Advisors who encounter questions about investments in ICOs need to understand how virtual currencies are viewed by regulators. Even in the early years of ICOs, regulators have taken positions about the regulation of ICOs. The Financial Crimes Enforcement Network (FinCEN) issued guidance in 2011 and 2013 regarding the application of the Bank Secrecy Act to transactions involving cryptocurrency. In 2015, the Commodity Futures Trading Commission (CFTC) determined that virtual currencies are commodities. However, as the number of ICOs increased, the question surfaced regarding whether or not ICOs constitute sales of securities.
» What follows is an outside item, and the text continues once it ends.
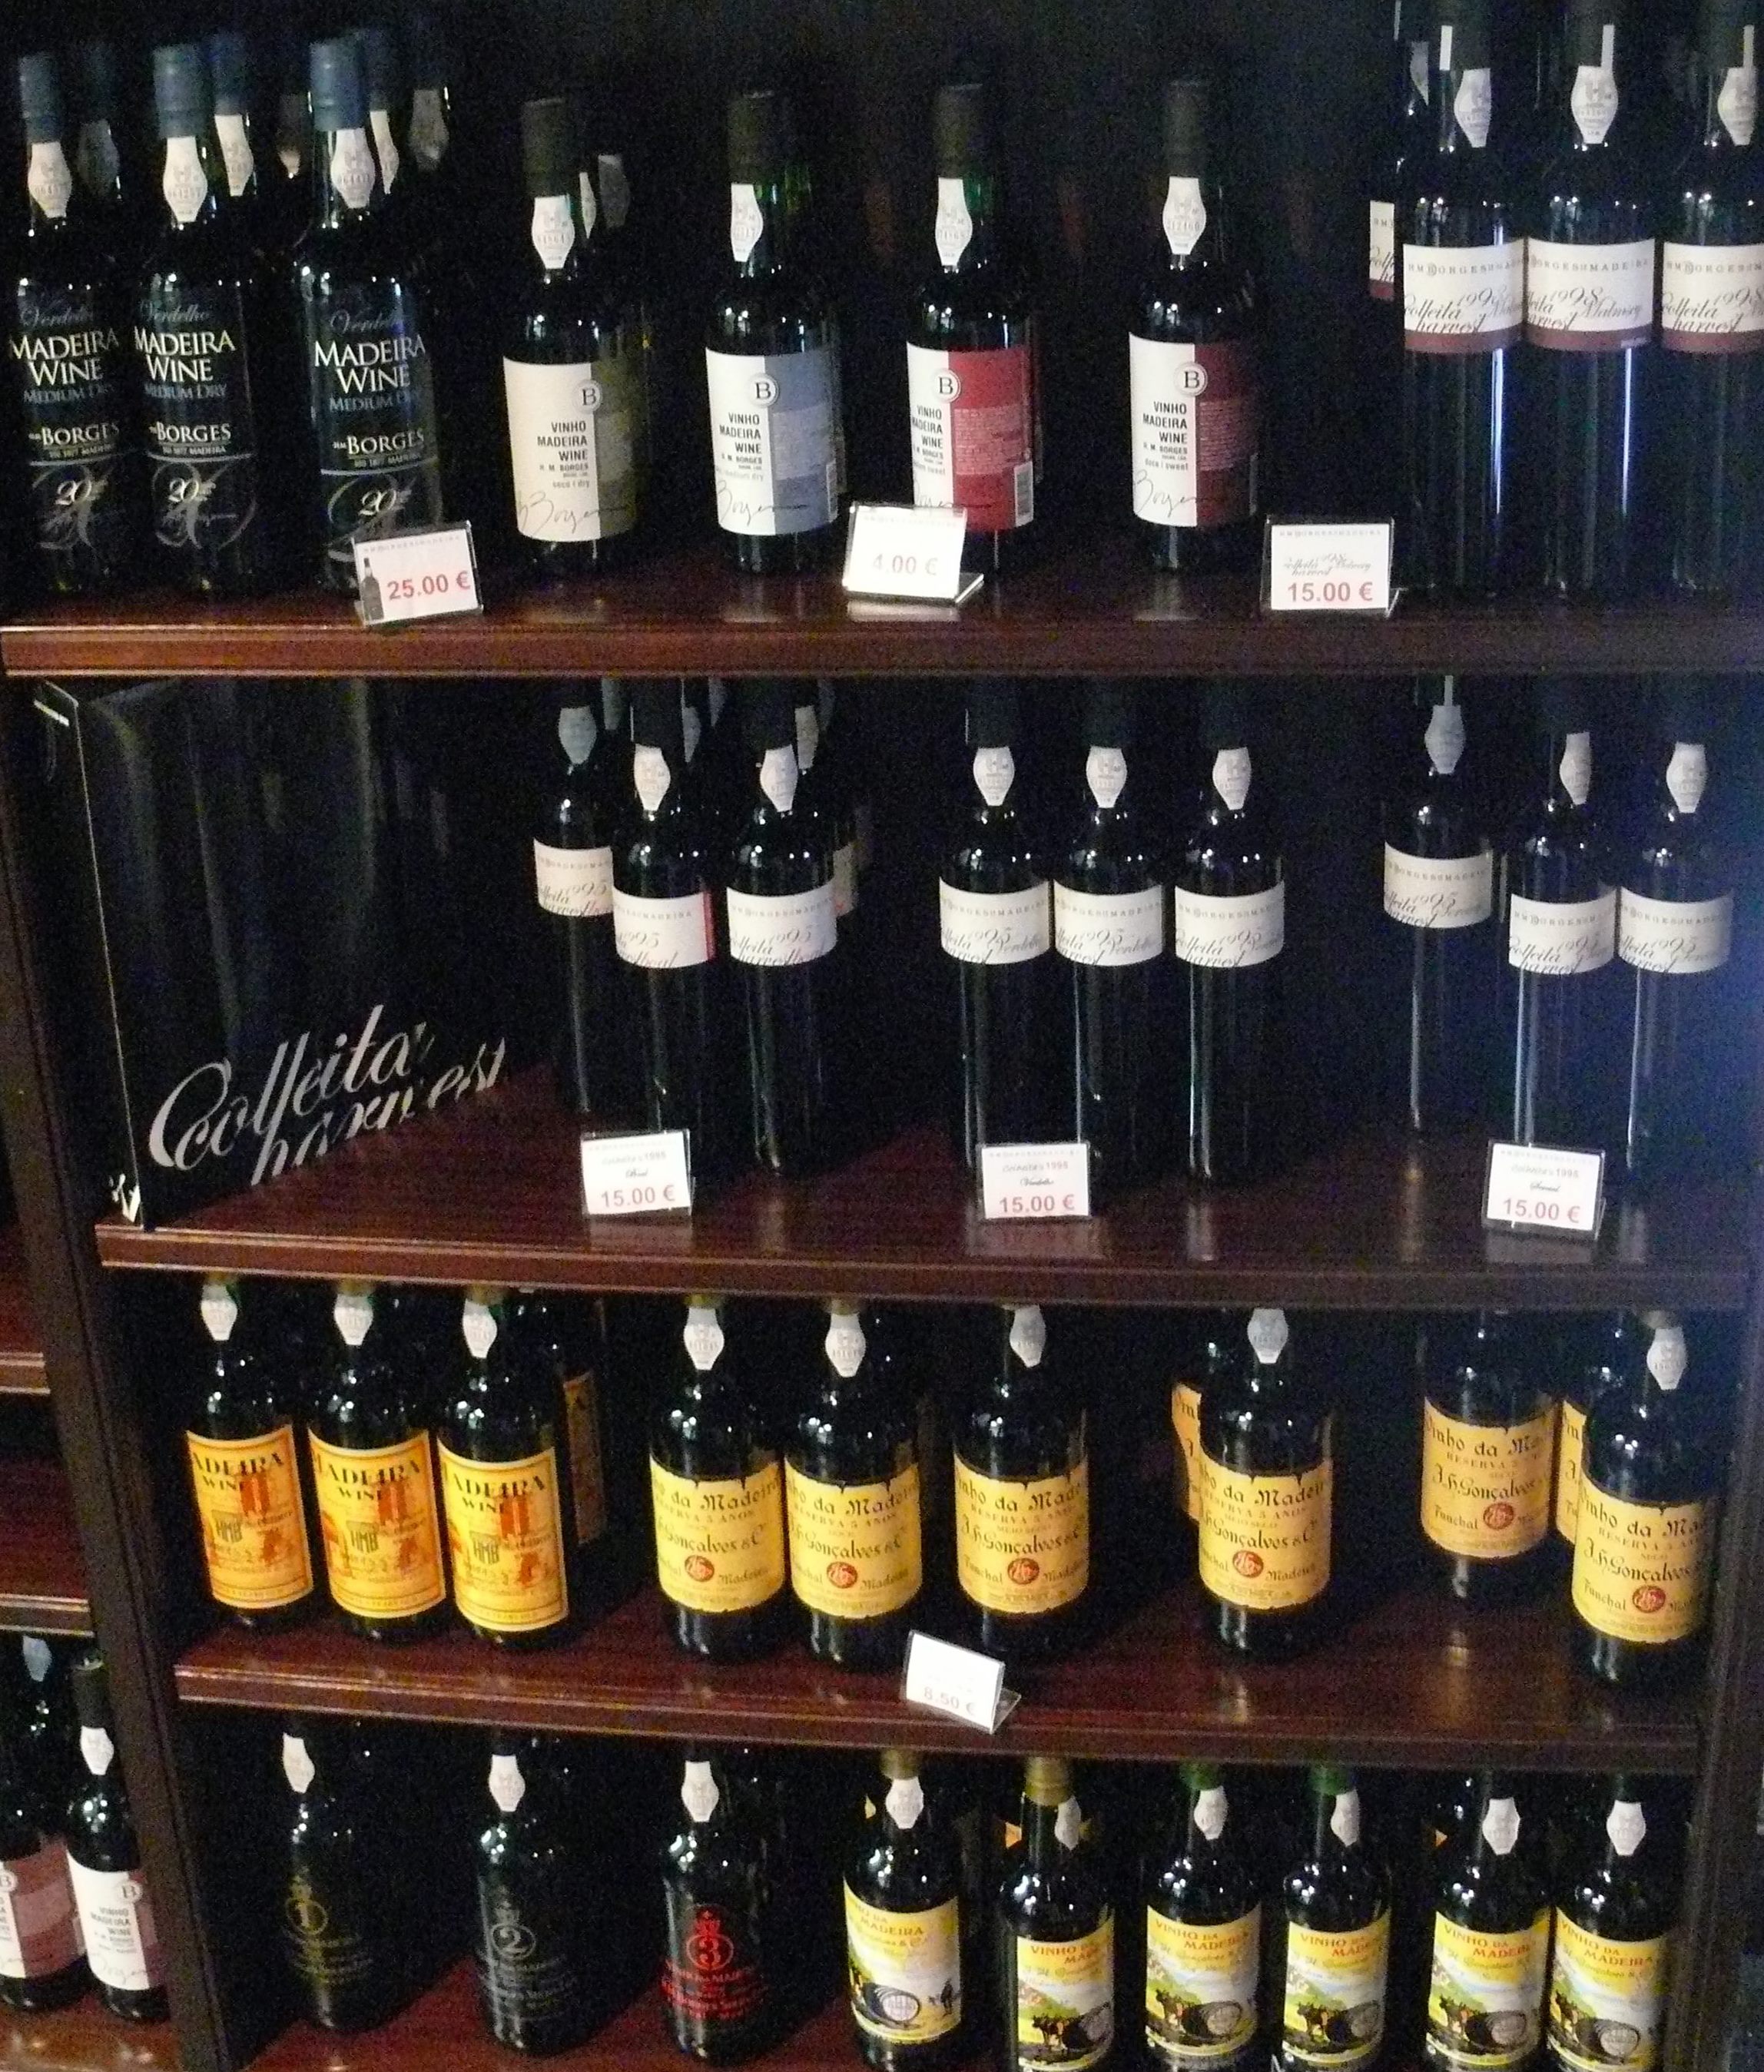 Borges shelves of madeira wine

In response to this question, the Securities and Exchange Commission (SEC) entered the ICO regulatory landscape in July 2017 when it issued a report of investigation considering the application of federal securities laws to an ICO by a virtual organization known as “The DAO”. In its report, the SEC determined that the tokens offered and sold in the ICO were securities under the Securities Act of 1933 and the Securities Exchange Act of 1934. As a result, the SEC found that the ICO should have complied with the federal securities laws relating to offers and sales of securities and that secondary sales of the tokens, and exchanges trading the tokens, must also comply with applicable securities laws.

More recently the SEC has begun to take action against issuers and promoters of ICOs. In November 2018, the SEC settled charges against Floyd Mayweather and DJ Khaled related to their paid promotion of ICOs. The SEC also settled charges against two companies selling digital tokens through ICOs in November 2018: a company offering an investment in digital assets in December 2018 and an issuer conducting an unregistered ICO in February 2019. Many states, including North Carolina, are also taking action under state securities laws against parties involved in ICOs.

Finally, FINRA has issued an investor alert that highlights several important facts for potential ICO investors: (1) most ICOs do not comply with securities laws and, therefore, do not provide investors with the protections underlying these laws; (2) there is significant ICO fraud; (3) online token trading platforms are not registered exchanges; (4) investors are losing significant amounts of money in ICOs; (5) the ability to receive future tokens as part of an ICO is not guaranteed; and (6) the use of a Simple Agreement for Future Tokens, or a “SAFT” contract, does not mean that the tokens underlying the agreement are not securities.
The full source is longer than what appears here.